• [To do]
Once the pictures are set aside, repeat all of the data below exactly.

• [Recorded data]

━━━━━━━━━━━━━━━━━━━━

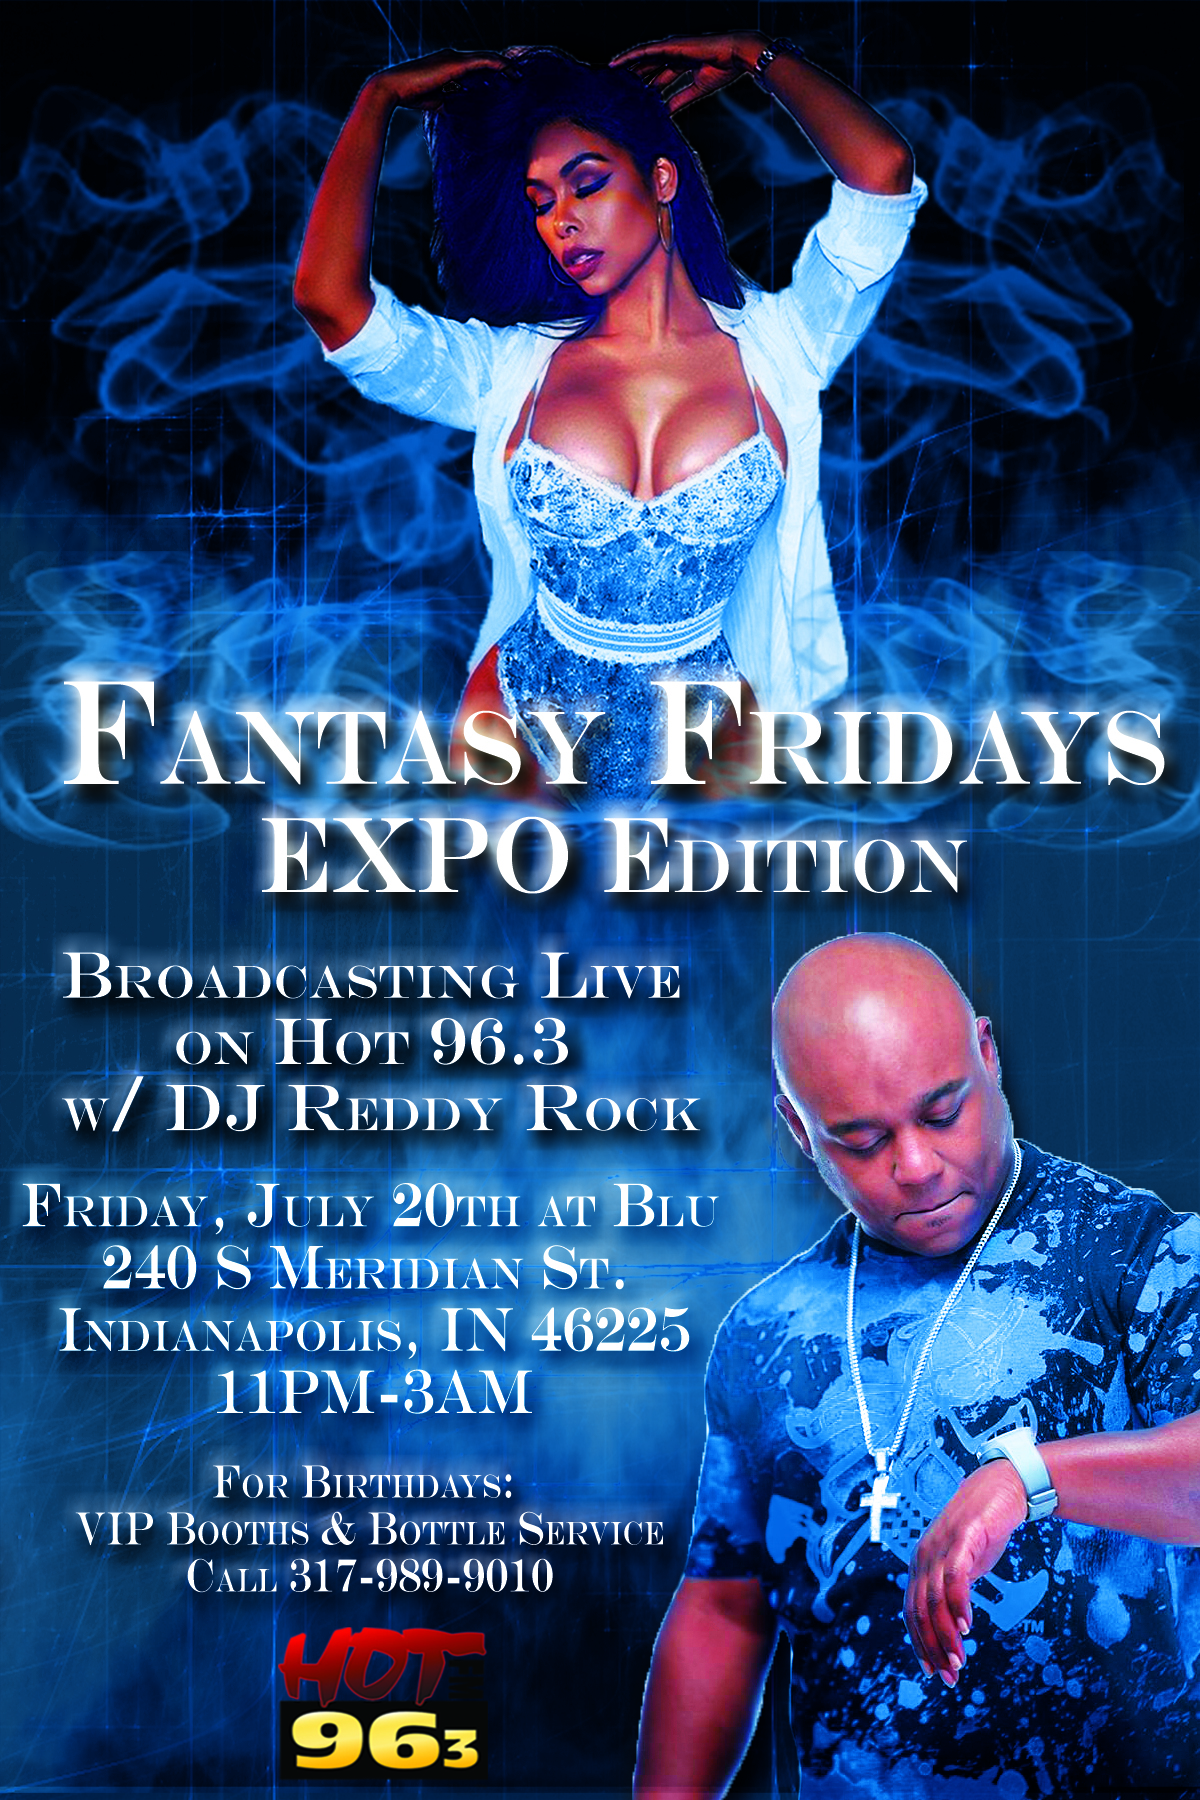 Fantasy Fridays @ Blue (Expo Edition) Flyer
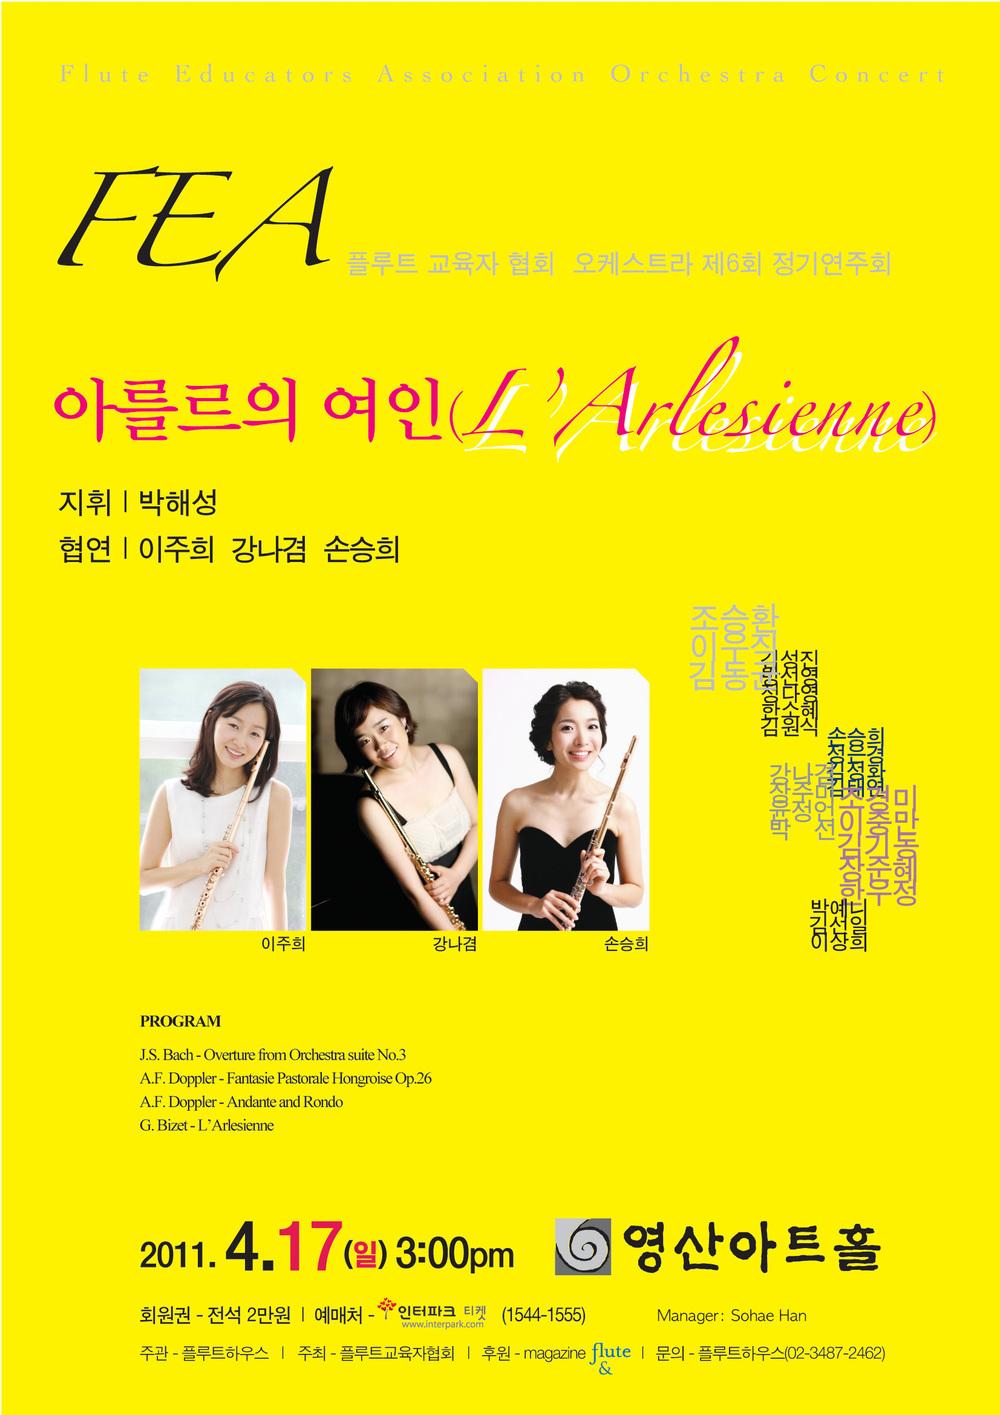 fea2011.jpg
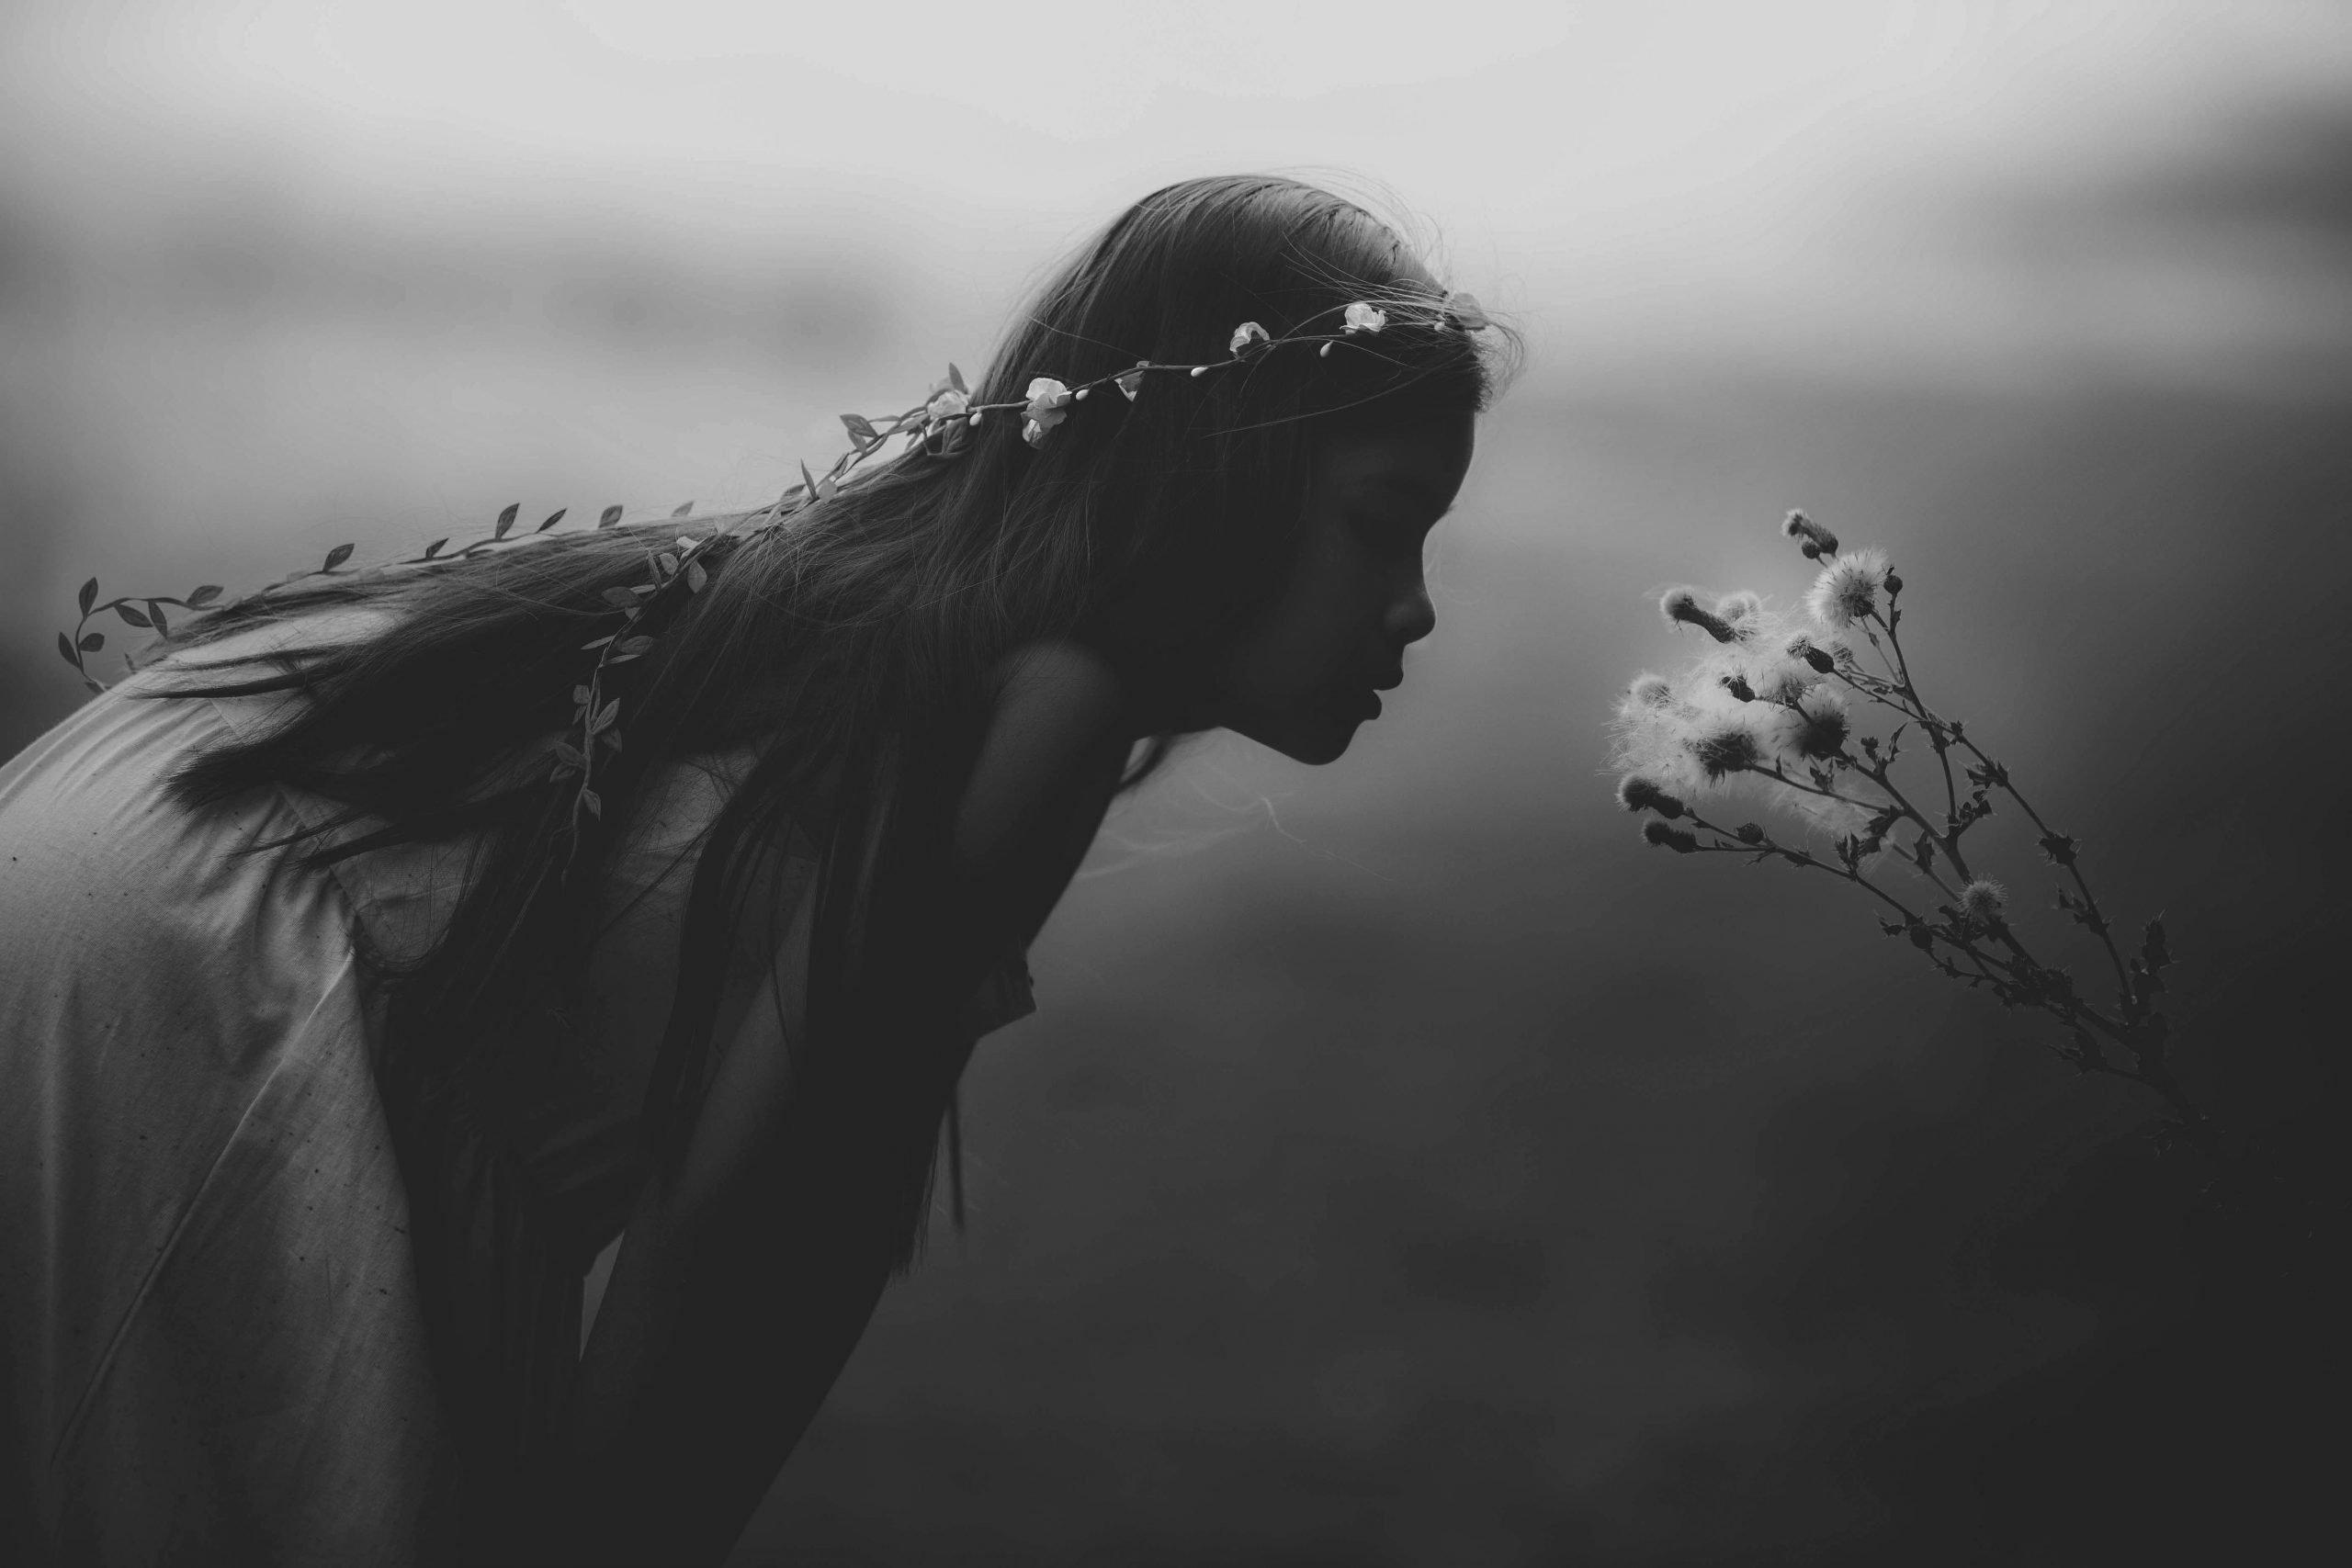 girl smells blossom

━━━━━━━━━━━━━━━━━━━━

• [Output below]
 Fantasy Fridays @ Blue (Expo Edition) Flyer
 fea2011.jpg
 girl smells blossom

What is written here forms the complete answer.